◆ Exercise description ◆
Your reply should set down word for word each line below from the one with "Lenz Lithium Pack rcB 1800 avec Bluetooth" through the final line, both included, but none of the pictures.

◆ Supplied data ◆
■ ■ ■ ■ ■ ■ ■

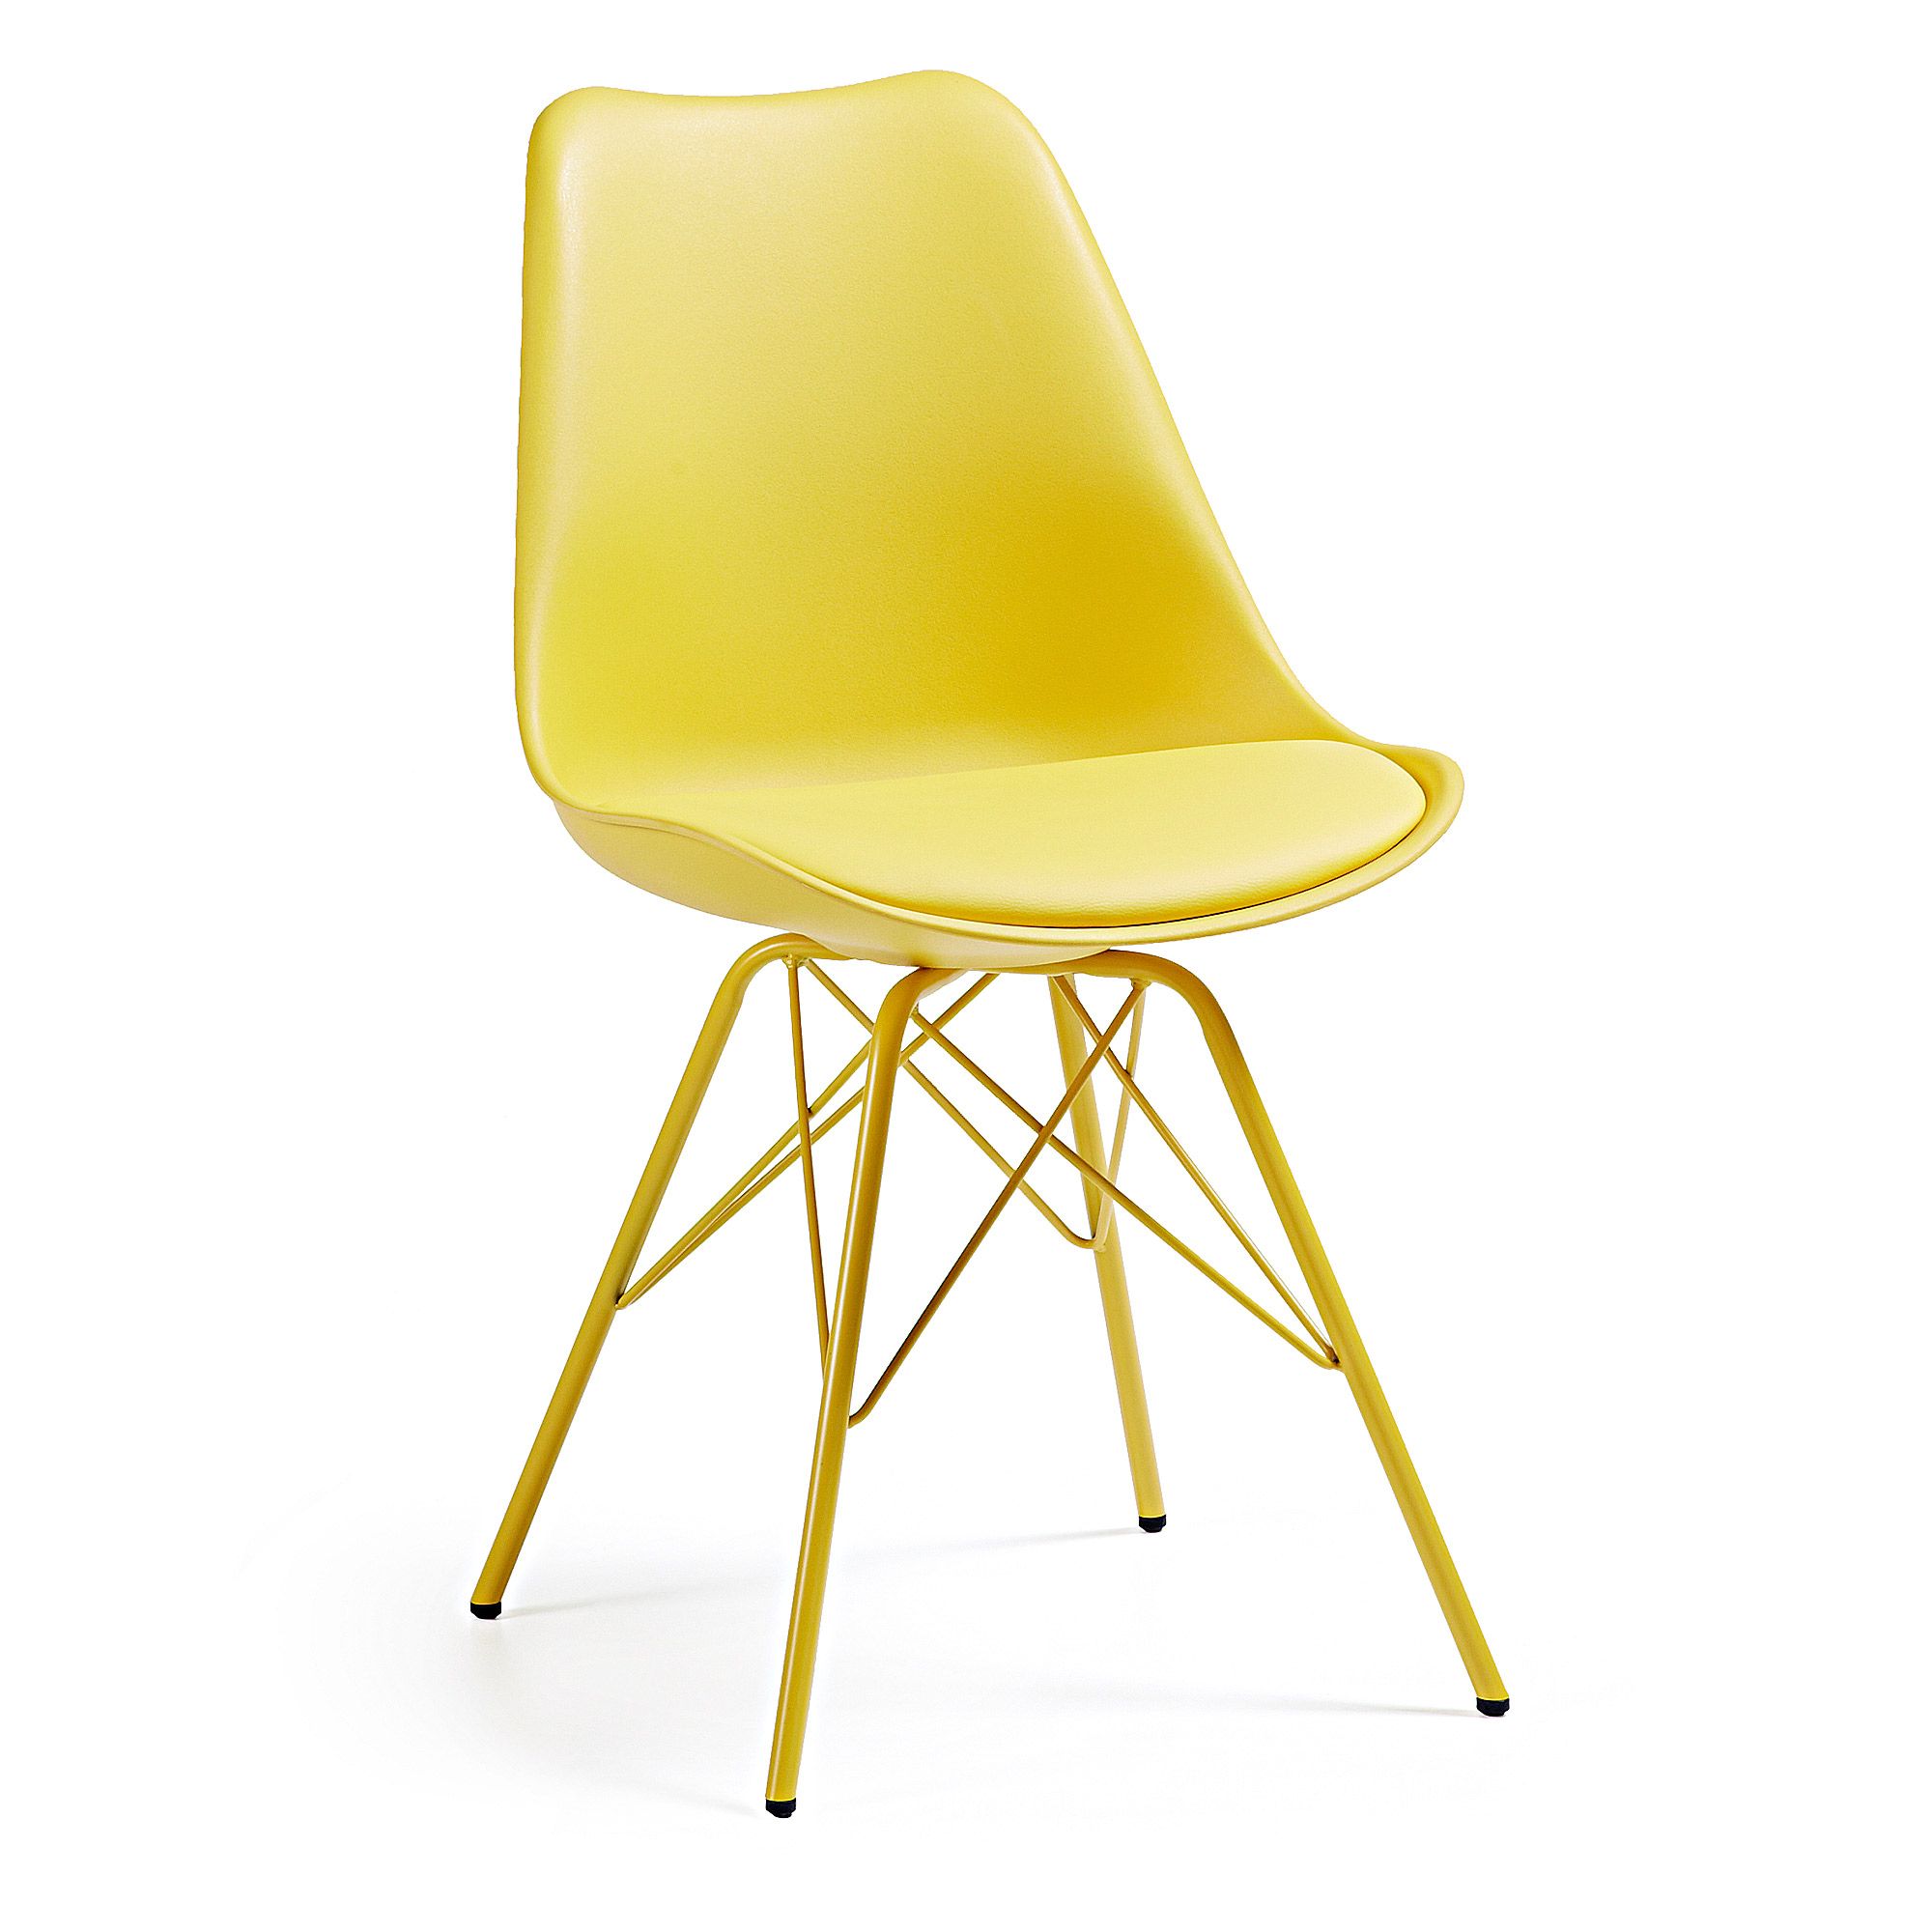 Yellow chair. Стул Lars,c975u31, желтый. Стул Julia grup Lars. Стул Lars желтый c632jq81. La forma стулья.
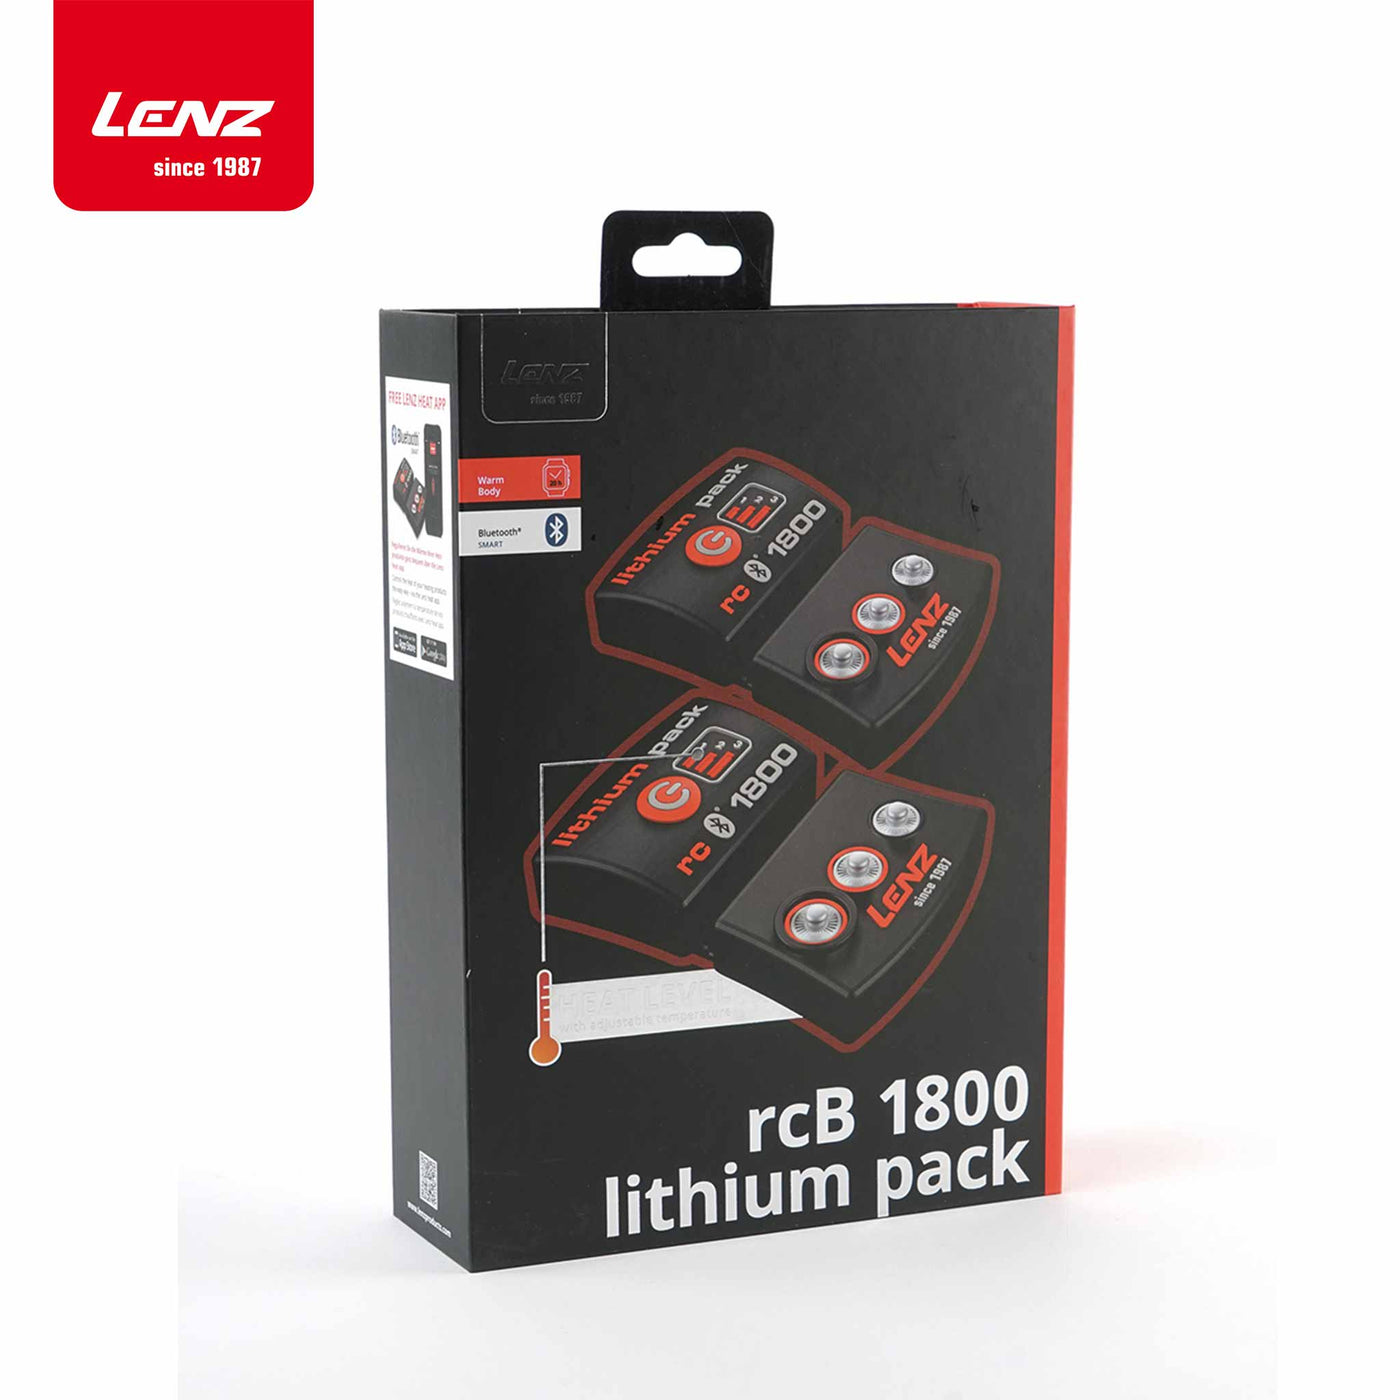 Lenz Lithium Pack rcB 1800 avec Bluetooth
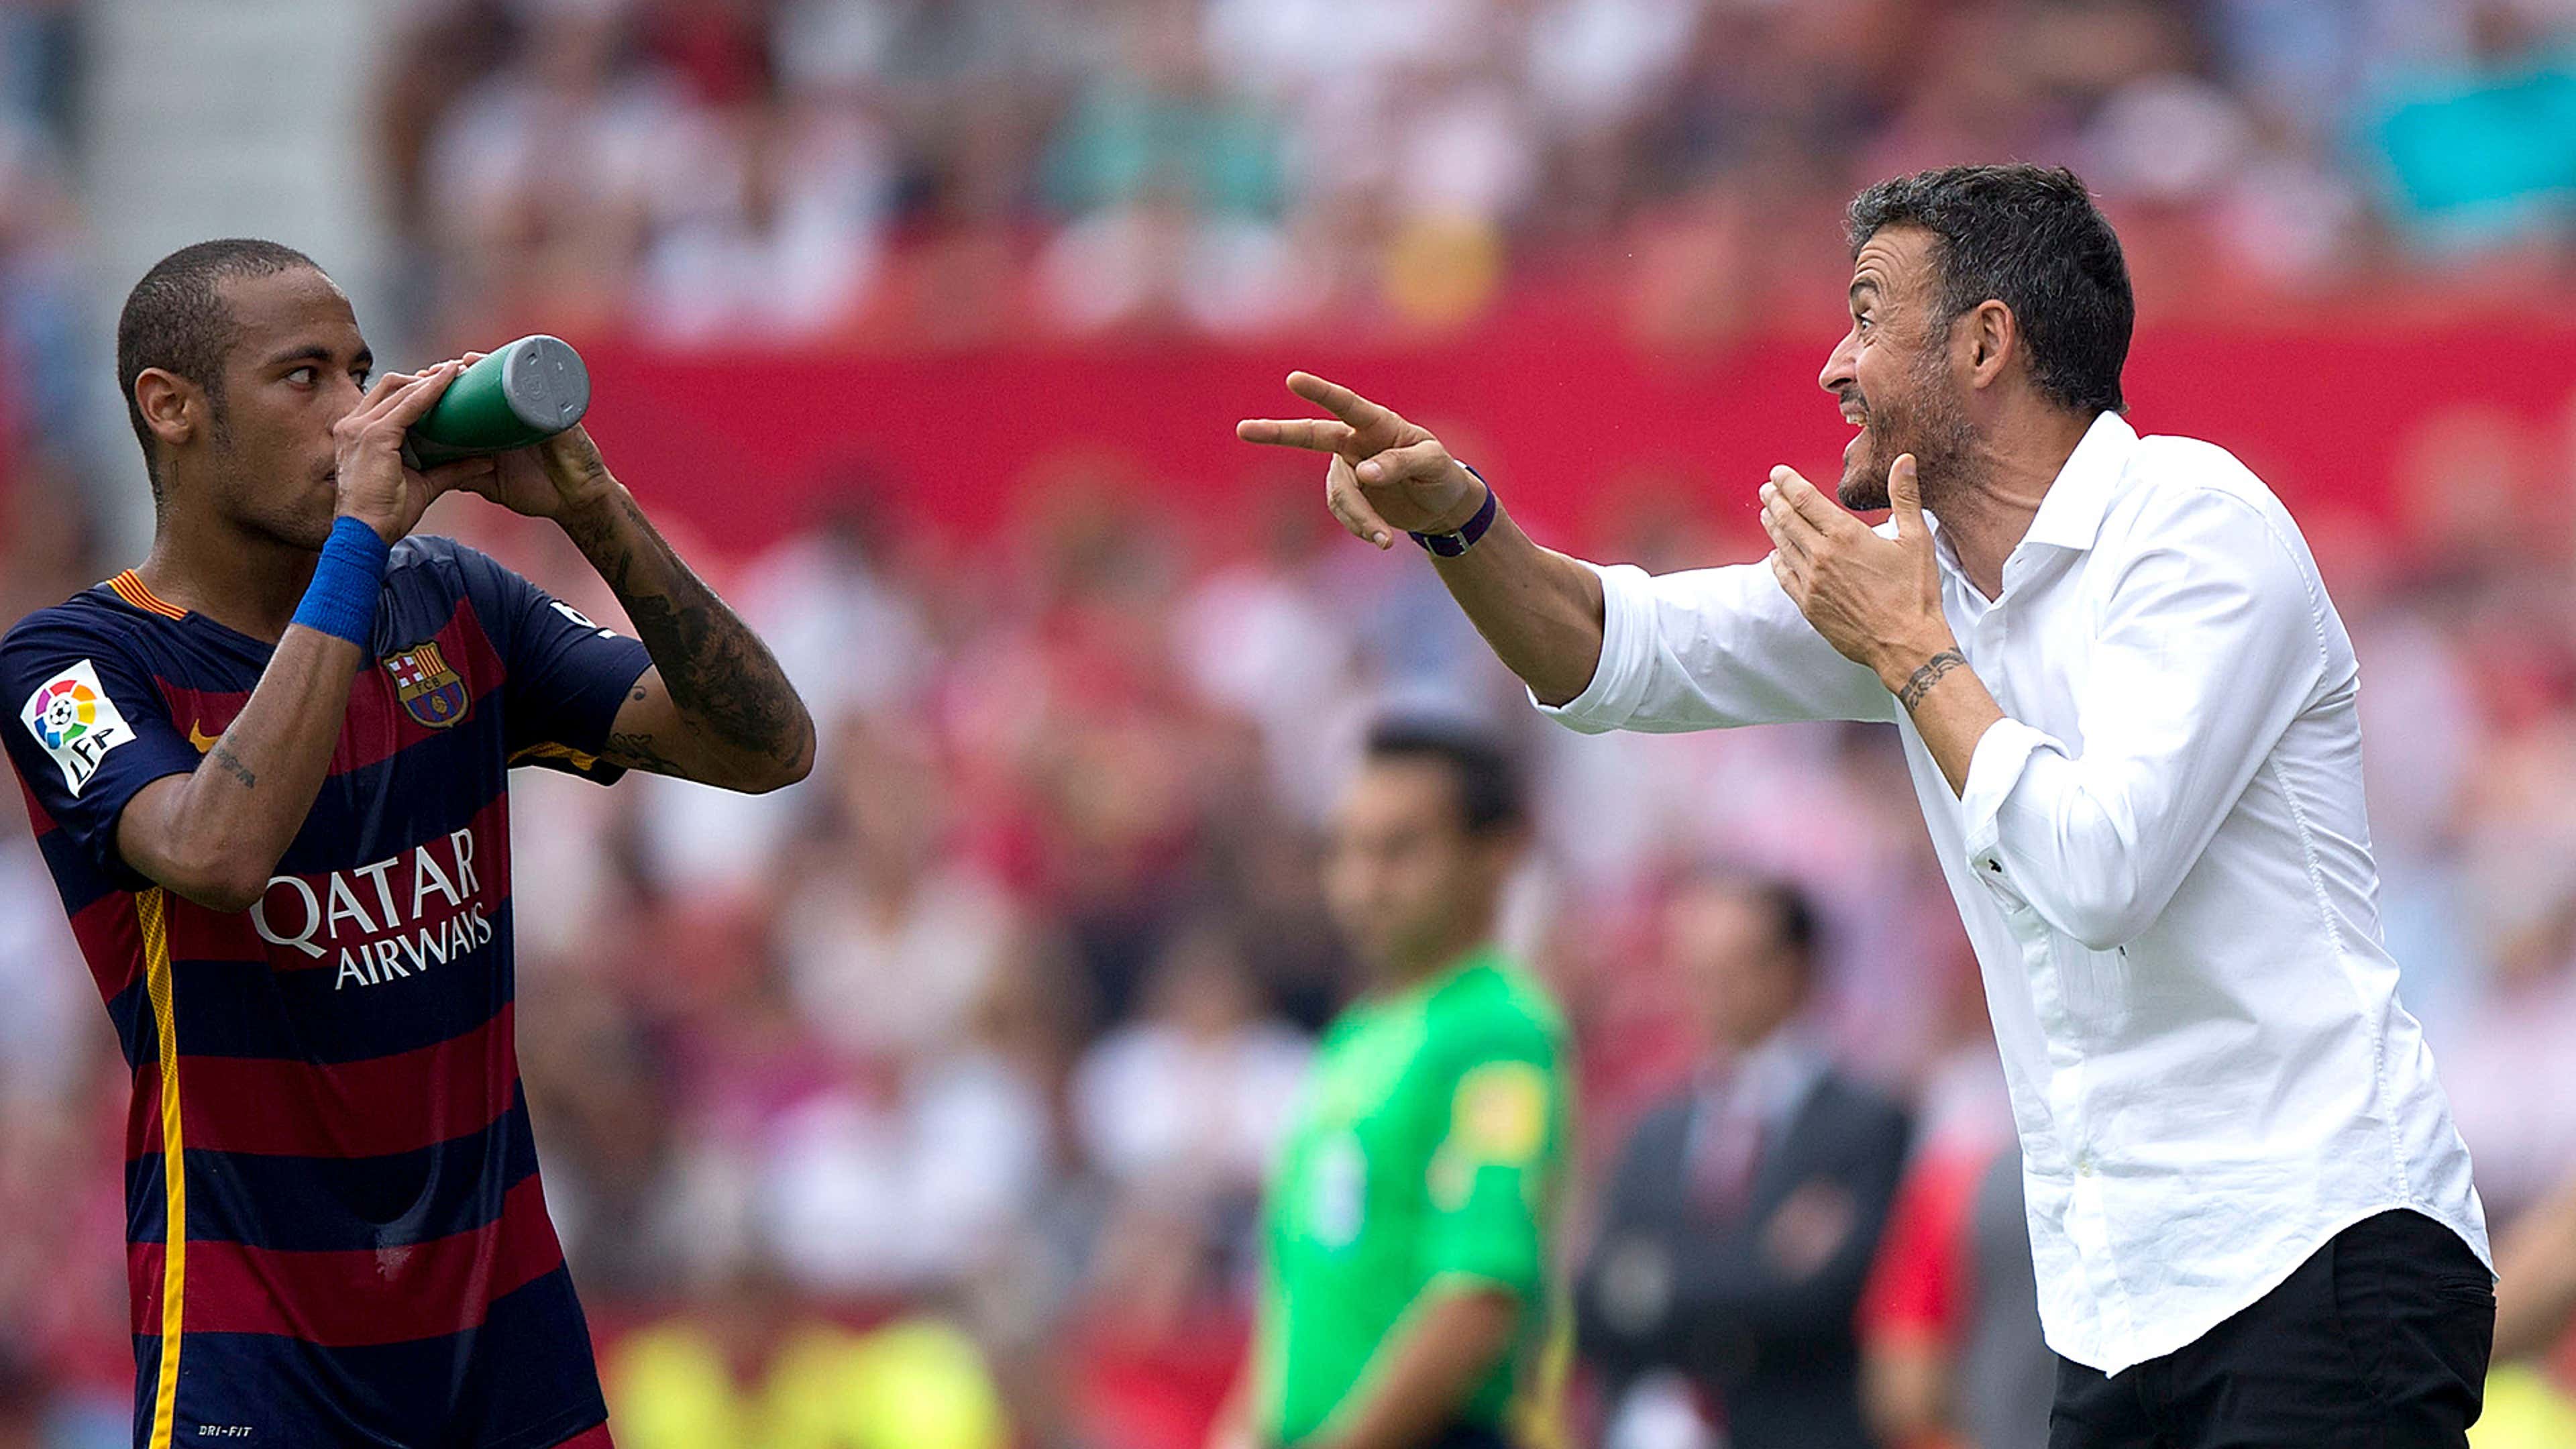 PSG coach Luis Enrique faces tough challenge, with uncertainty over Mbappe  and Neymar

■ ■ ■ ■ ■ ■ ■

◆ Reply ◆
 Lenz Lithium Pack rcB 1800 avec Bluetooth
 PSG coach Luis Enrique faces tough challenge, with uncertainty over Mbappe  and Neymar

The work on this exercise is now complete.